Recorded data
[Start of Attachment]

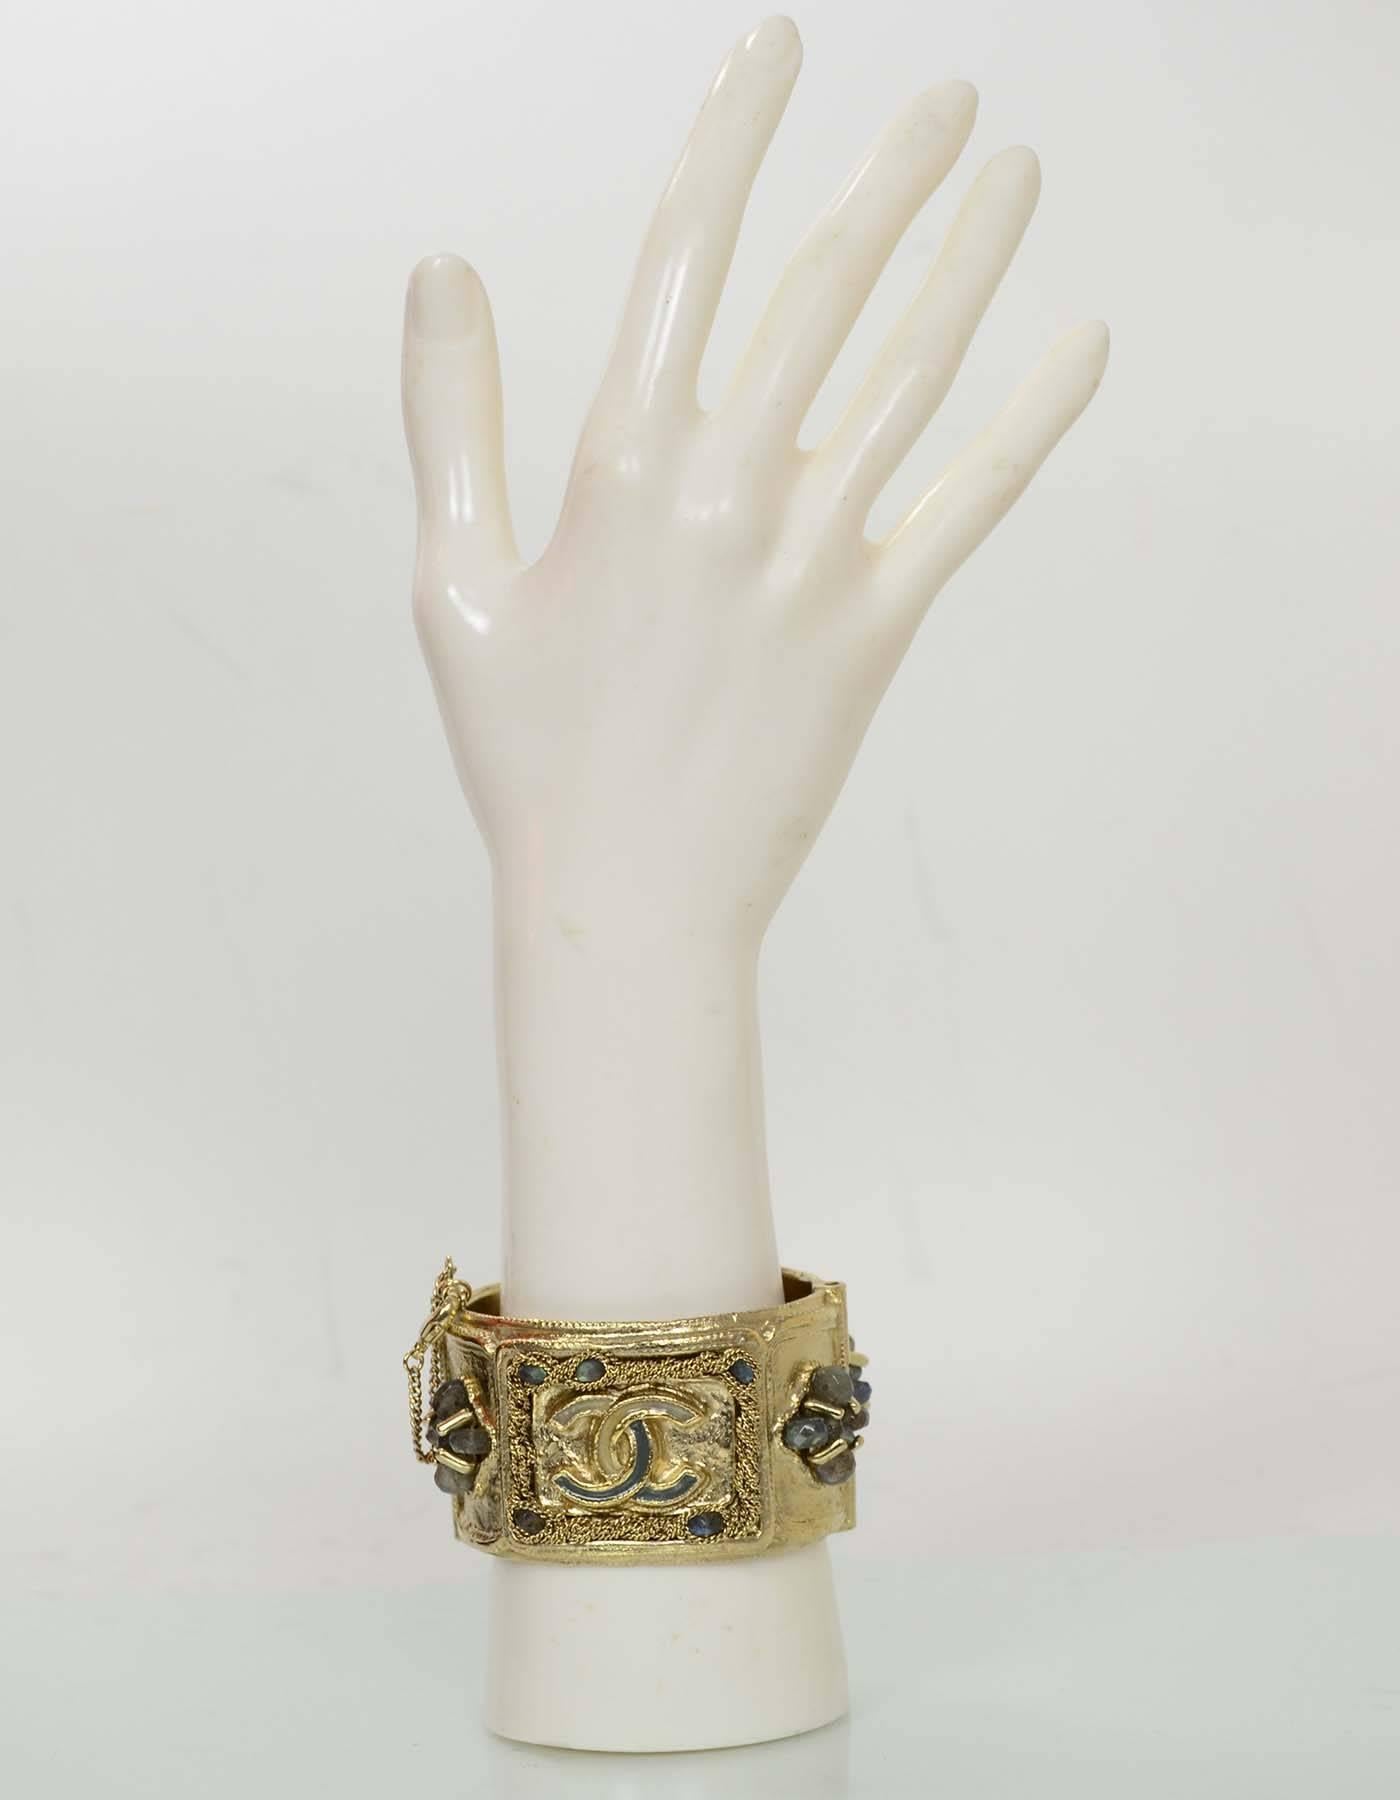 Chanel Goldtone and Jeweled CC Cuff

Made In: France
Year Of Production: 2012
Materials: Metal, stones
Closure/Opening: Pin closure
Stamp: Chanel A12 CC A Made in France
Overall Condition: Excellent pre-owned condition
Includes: Chanel pouch
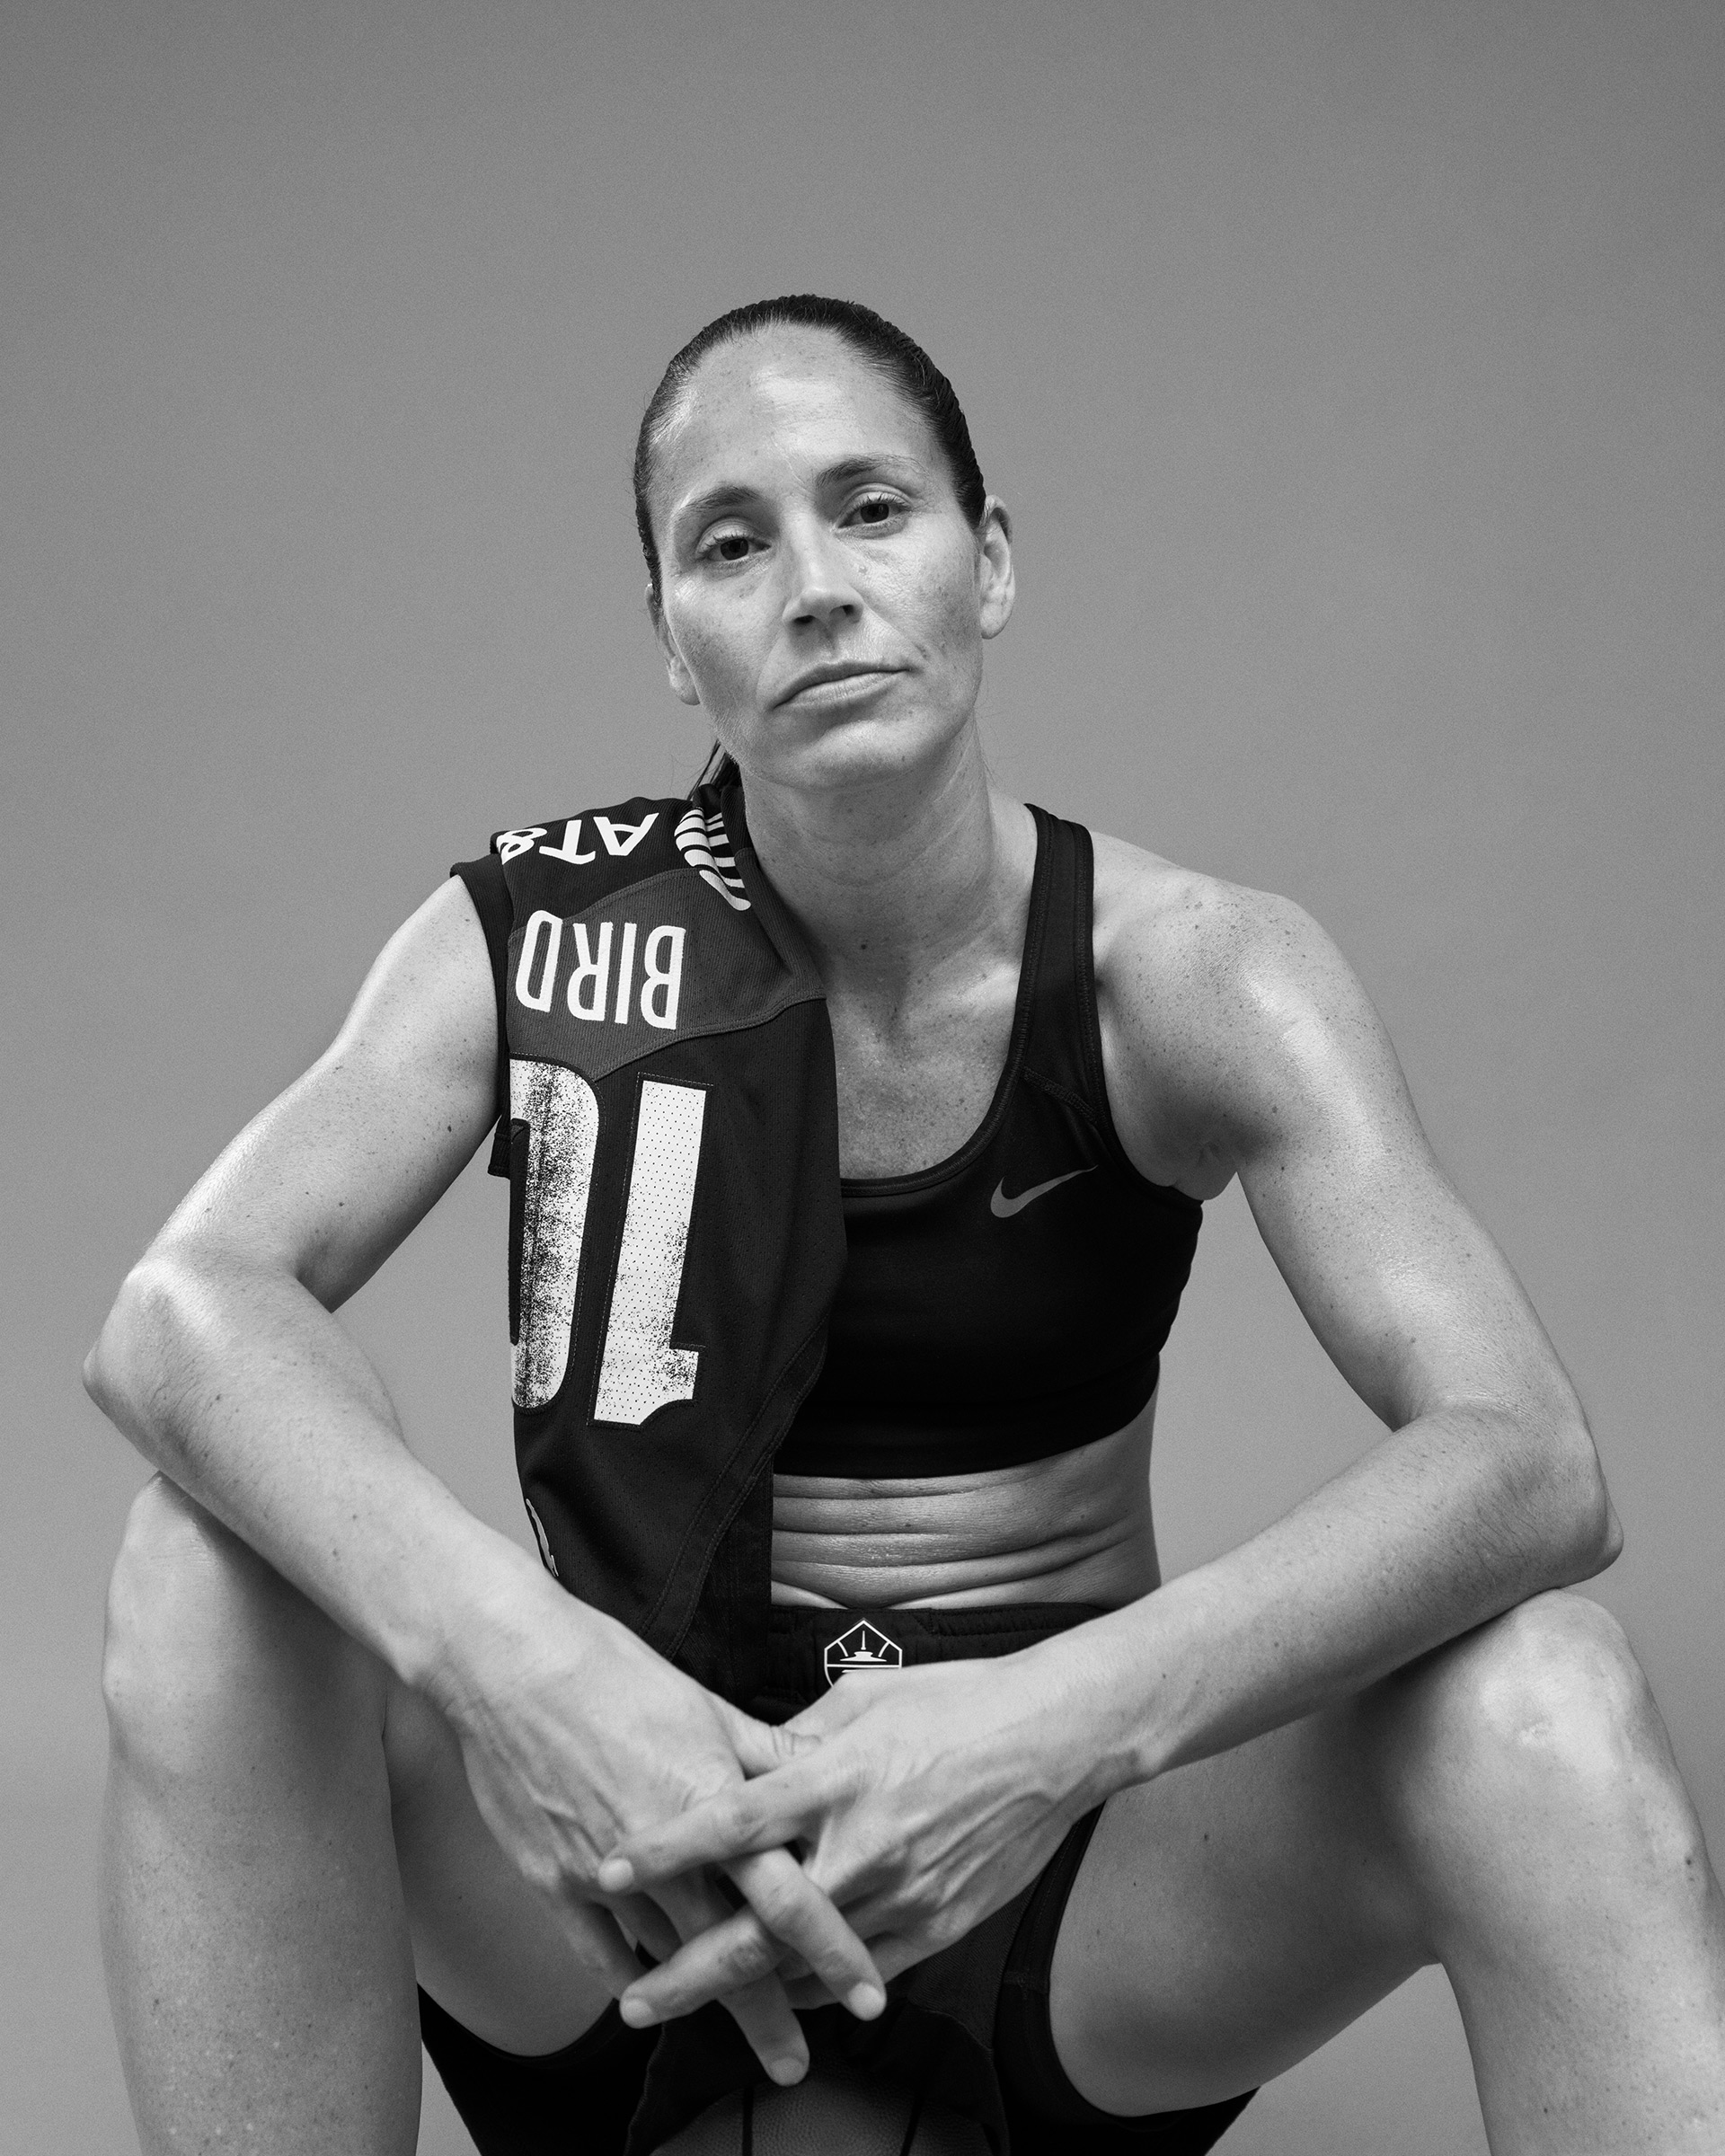 At 40, Bird—still one of the WNBA’s best passers and shooters—shows few signs of slowing (Paola Kudacki for TIME)

[End of Attachment]

§ **Try it**
Working down from the line with "Stamp: Chanel A12 CC A Made in France", copy each line exactly until the last line of the entries, which is also included. Omit the pictures.

§ **Response to the exercise**
Stamp: Chanel A12 CC A Made in France
Overall Condition: Excellent pre-owned condition
Includes: Chanel pouch
 At 40, Bird—still one of the WNBA’s best passers and shooters—shows few signs of slowing (Paola Kudacki for TIME)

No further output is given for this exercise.